Data Block Start

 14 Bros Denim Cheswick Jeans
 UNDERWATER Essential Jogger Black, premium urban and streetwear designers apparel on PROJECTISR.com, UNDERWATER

Data Block End
Data Block Start

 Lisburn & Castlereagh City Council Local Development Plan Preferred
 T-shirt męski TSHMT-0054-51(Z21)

Data Block End

• **Exercise goal**: Copy word for word the stretch of entries above from the line that has "14 Bros Denim Cheswick Jeans" through the line that has "UNDERWATER Essential Jogger", both ends included, and nothing outside it.

• **Response area**:
 14 Bros Denim Cheswick Jeans
 UNDERWATER Essential Jogger Black, premium urban and streetwear designers apparel on PROJECTISR.com, UNDERWATER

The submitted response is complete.